After more than 20 years of steady improvement, the US National Institute of Standards and Technology (NIST) thinks it has reached an important milestone with something called Combinatorial Coverage Measurement (CCM).
Part of a research toolkit called Automated Combinatorial Testing for Software (ACTS), CCM is an algorithmic approach used to test software for interactions between input variables that might cause unexpected failures.
It sounds like a technical mouthful, but this is good news for software, especially when it’s inside complex systems such as aircraft, cars and power plants where these sorts of problems could be life-threatening.
Typically, this will be software taking inputs from arrays of sensors that generate unexpected conflicts the software can’t resolve, for instance between temperature, pressure or altitude.
Designers try to counteract these problems by modelling as many interactions as they can before the software is used in the real world, which is where ACTS and CCM come in.
But there’s always been a problem – modelling enough interactions from enough variables to spot all the possible combinations that might lead to an issue.
This has been improving since the late 1990s when the idea got off the ground, most recently during a revision to the ACTS toolkit in 2015.
Now, in collaboration with University of Texas, Austria’s SBA Research, and Adobe (one of several big companies using the toolkit), NIST thinks that the 2019 revision of CCM has made some kind of leap forward.
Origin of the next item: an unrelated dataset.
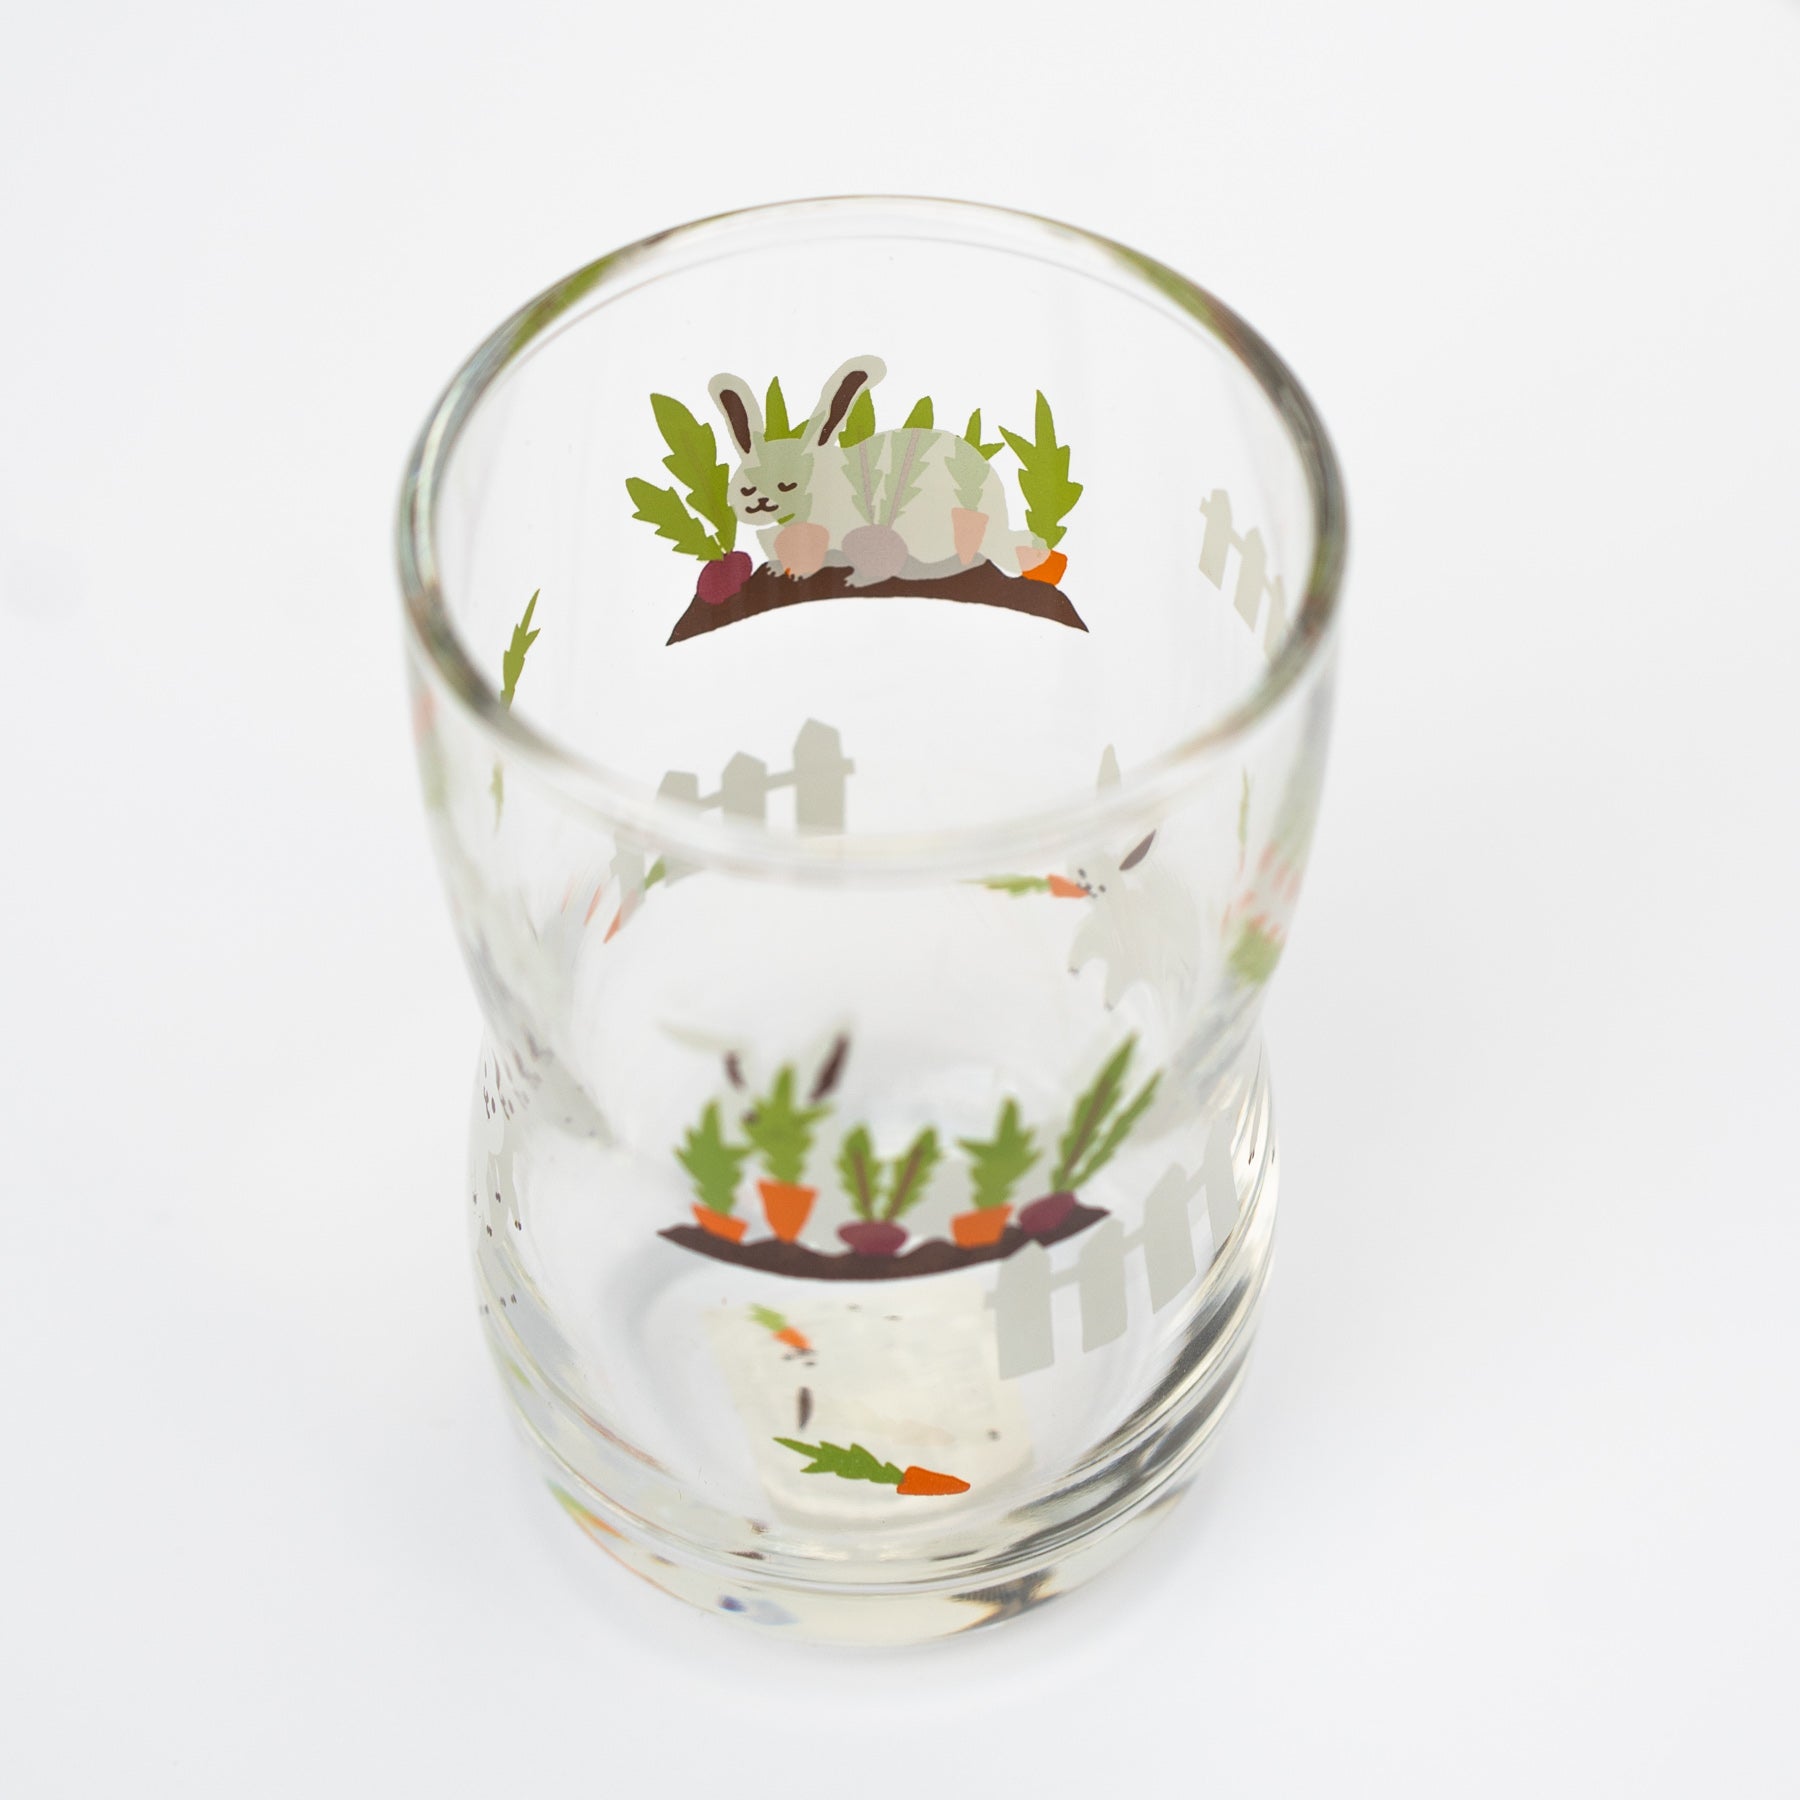 Japanese kids glass with rabbit print by IIshizuka Glassshu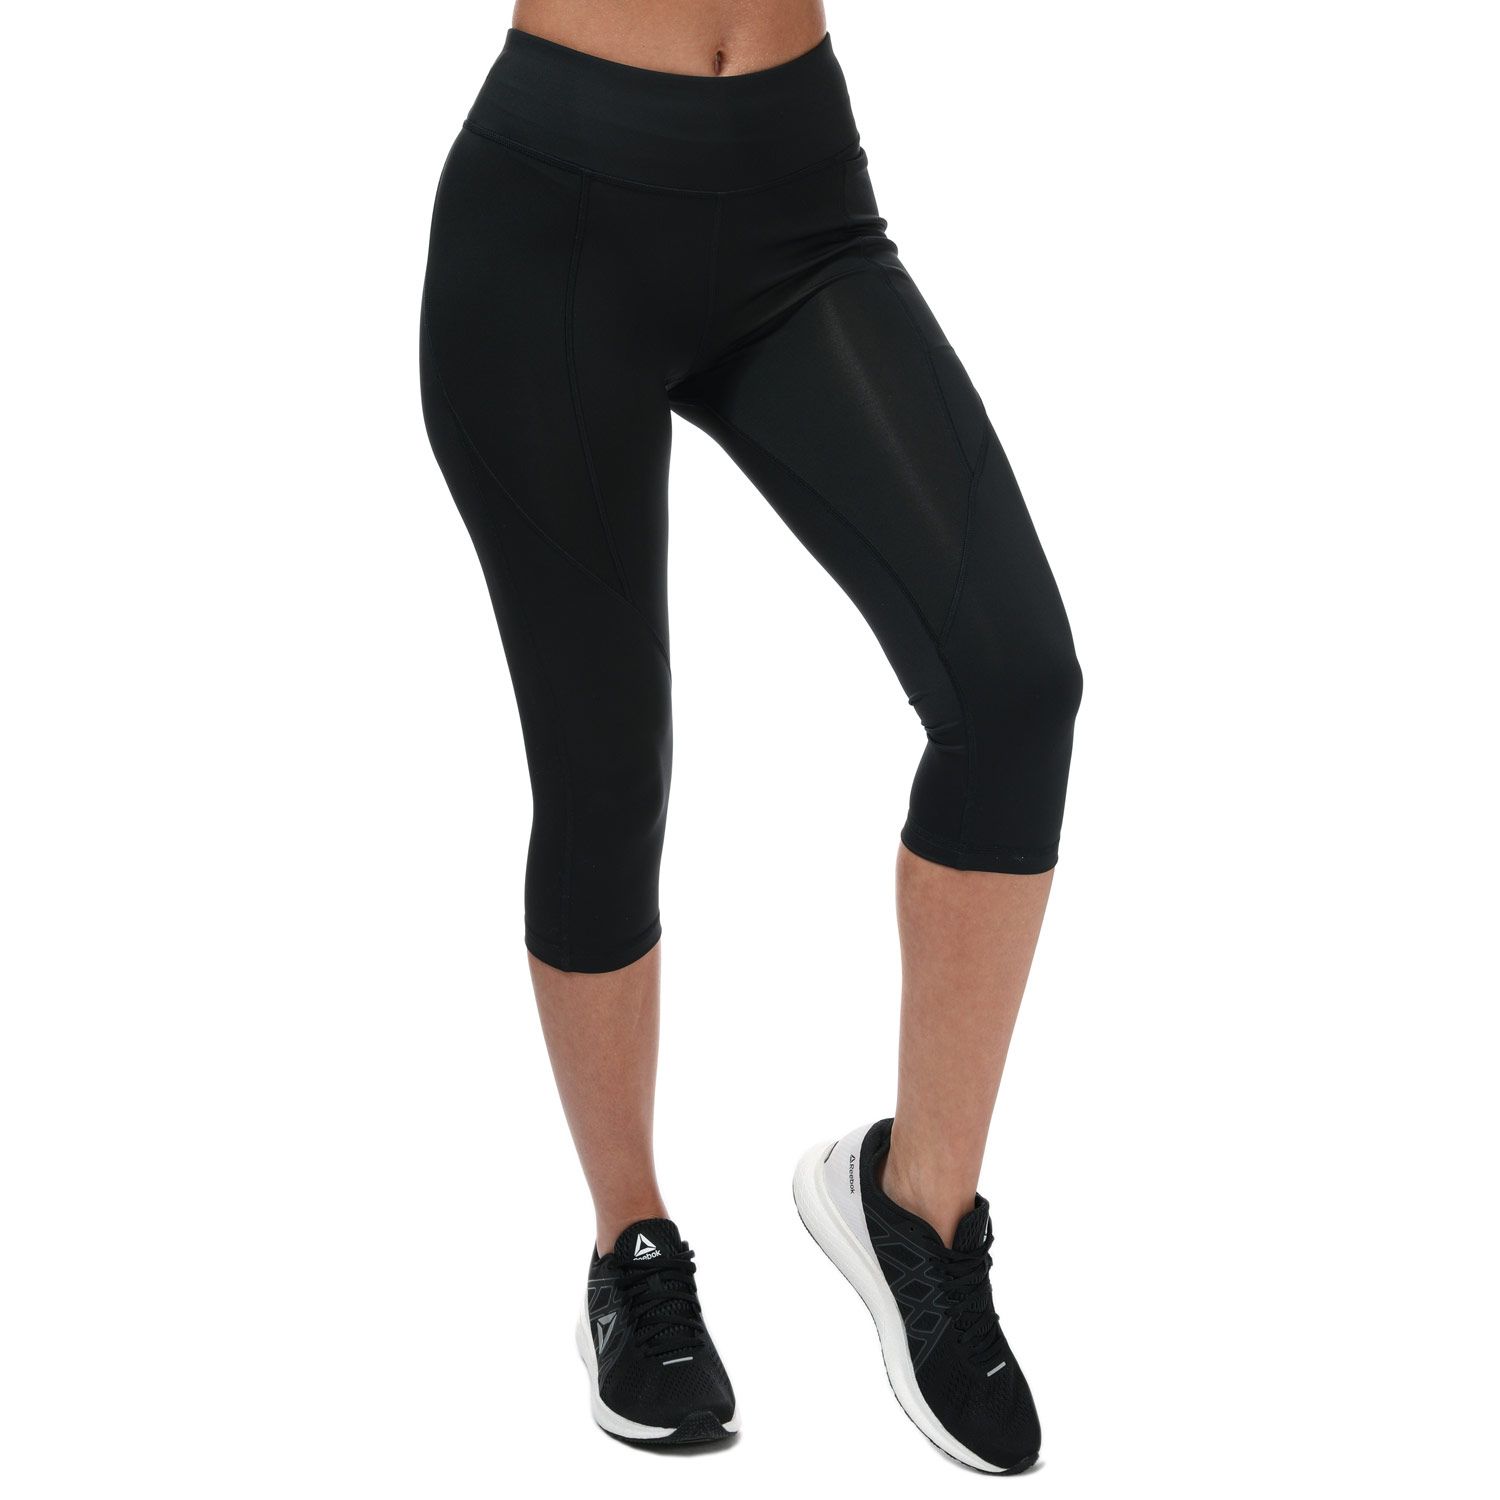 Black Reebok Womens Workout Ready Pant Program Capri Tights - Get

NIST mathematician Raghu Kacker said of the difficulties of testing complex software:
Before we revised CCM, it was difficult to test software that handled thousands of variables thoroughly. That limitation is a problem for complex modern software of the sort that is used in passenger airliners and nuclear power plants, because it’s not just highly configurable, it’s also life critical. People’s lives and health are depending on it.
With the help of a new algorithm developed by SBA, NIST’s tool had gone from being able to model a few hundred variables to up to 2,000 from five-way combinations of inputs.
Although not an official part of the tool, developers could request the algorithm. NIST computer scientist Richard Kuhn said:
The collaboration has shown that we can handle larger classes of problems now. We can apply this method to more applications and systems that previously were too hard to handle.
Not far from the surface of this development is the problem of cost – how much time and effort should developers spend removing bugs from their software?
NIST’s hope must be that anything that can remove more bugs for the same effort is going to have a positive effect on security and reliability.
Unfortunately, as helpful as CCM might be, its effectiveness must now be measured against the rising complexity of software systems that are acquiring once unimagined capabilities, such as automation.
There is an expanding range of commercial products that want to help solve this problem. The investment NIST is making in ACTS and CCM suggests there is still plenty of room for a toolset that everyone can use.